Article By: Logan Hannen
What is up, watchfam?! Today, we’re going to dive in (holy bad puns, Batman) and take a look at exactly what makes a watch a “dive” watch.
So, a bit of background: contrary to popular belief, Rolex did not invent the first watch designed to be worn diving. However, the founder of Rolex, Hans Wilsdorf, did invent the first watch case to be truly water resistant: the Oyster. In 1932, though, Omega released the first proper diver’s watch, the Omega Marine, making them the first company to commercially release and industrially produce such a watch. From there, we have the Panerai Radiomir, which came out in 1935 for use by the Italian Navy, followed in 1953 by both the Blancpain Fifty Fathoms and the Rolex Submariner. For a more in-depth history of dive watches, check out this article by the Elite Diving Agency.

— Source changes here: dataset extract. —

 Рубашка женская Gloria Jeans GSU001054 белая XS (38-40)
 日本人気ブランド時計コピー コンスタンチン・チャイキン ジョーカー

Now that we know how they came to be, let’s talk about what they are. As the name suggests, a diver’s watch is one that is built for the task of being submerged under some depth of water and surviving with totally normal functioning the entire time. There are a few different criteria it has to meet in order to acquire this title, and in the strictest sense, the watch must meet the ISO 6425 standards for being considered a dive watch. ISO, for reference, is the organization that offers certifications for just about everything, in super basic terms, and the 6425 standard is the one that governs water resistance for dive watches.

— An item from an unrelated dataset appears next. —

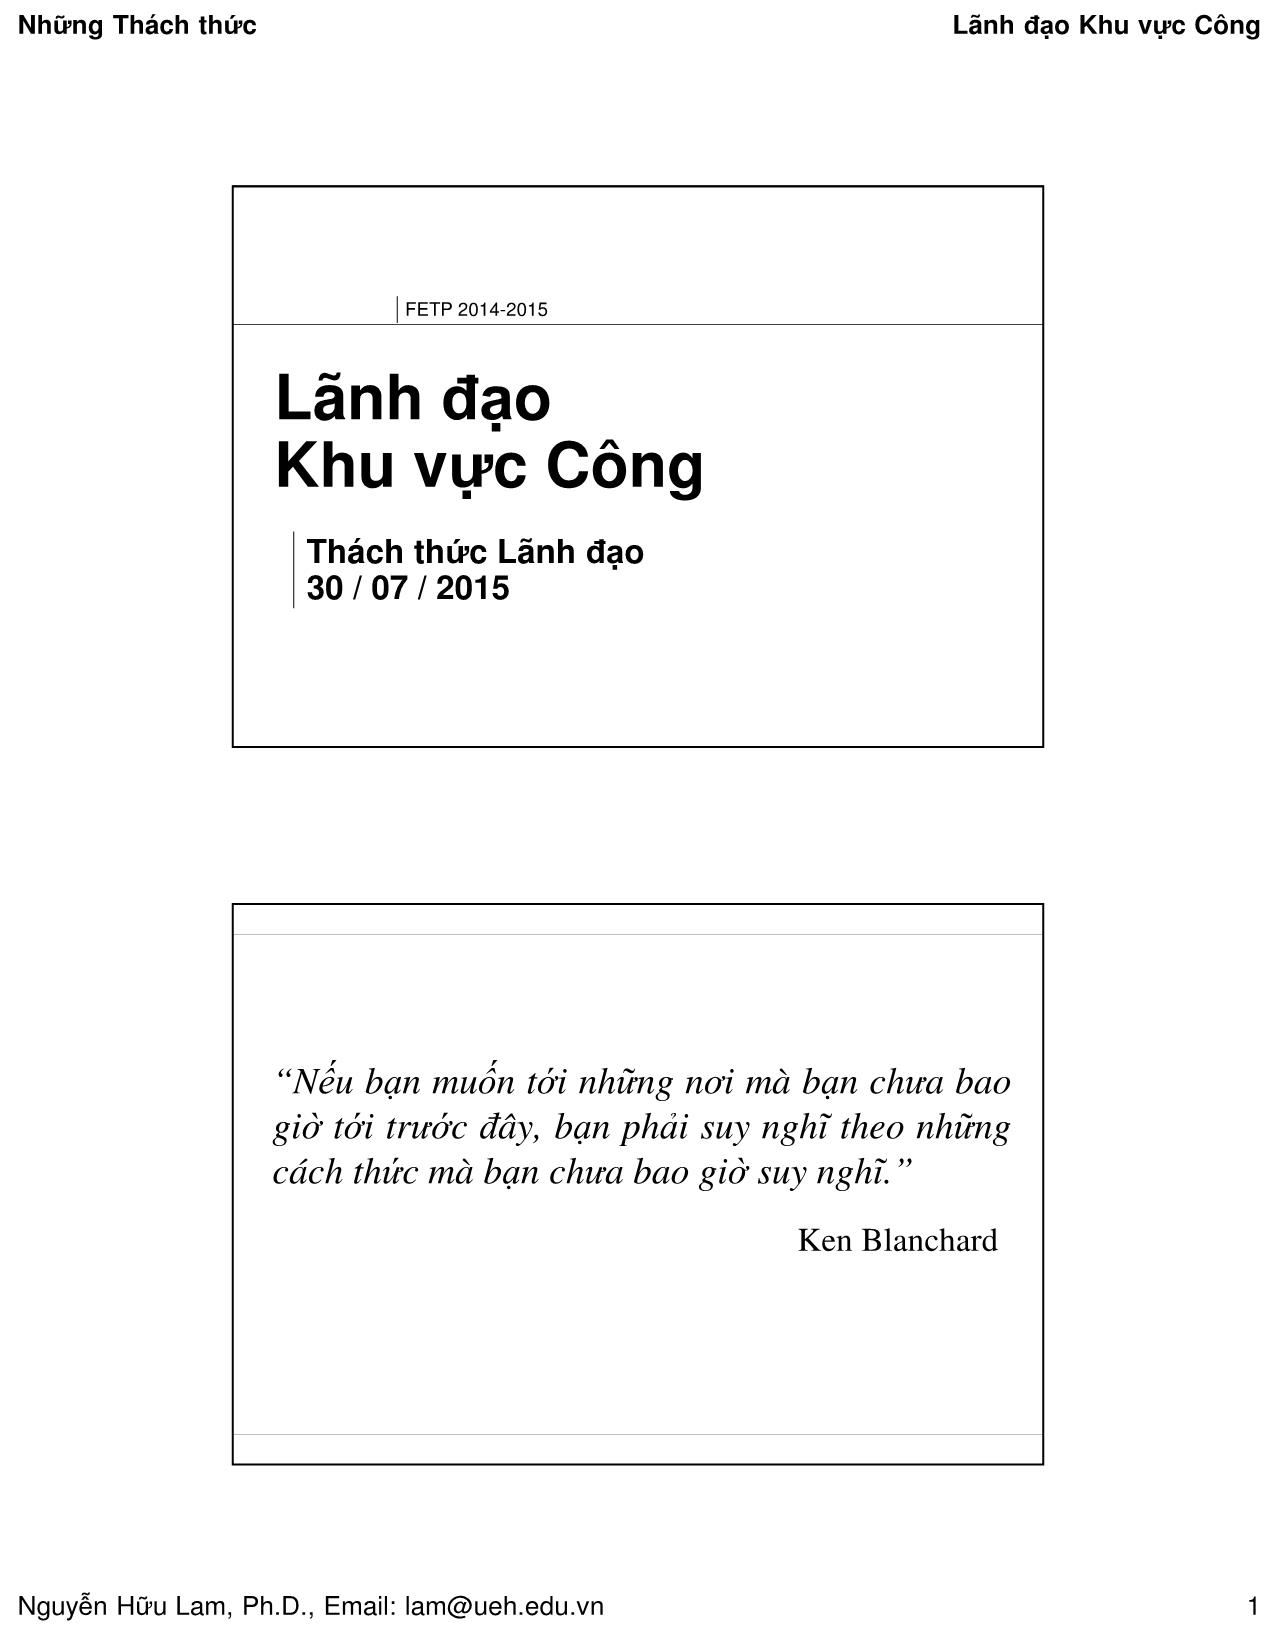 Bài giảng Quản lý công - Lãnh đạo khu vực công - Nguyễn Hữu Lam trang 1

At a minimum, there are three major features that a dive watch must have. The first of these features is a screw down crown and caseback. This method of sealing the watch is the thing that helps to give it the water resistance rating we’ll talk about in a second, and I personally wouldn’t trust submerging a watch without them (of course, super-compressors don’t feature screw down crowns, but they’re another entity entirely). As for water resistance, at a minimum, a dive watch must have a water resistance rating of 200 meters, though obviously, the more the better. Lastly, and this is part of what makes it a tool watch built for divers, the watch should feature some kind of rotating timing bezel. The bezel is used to measure just how long the diver has been under water, which is incredibly important when it comes to keeping track of oxygen levels. It’s purely functional for divers, and not as much designed for everyone else’s benefit, but it’s still massively important.
If you want to know more about the ISO standards and the history of dive watches, check out this super in-depth article on Watch Time, which goes into way more detail than we could here.
That about does it for us. Now get diving, and remember, while you’re out playing with sharks, to keep it classy, watchfam.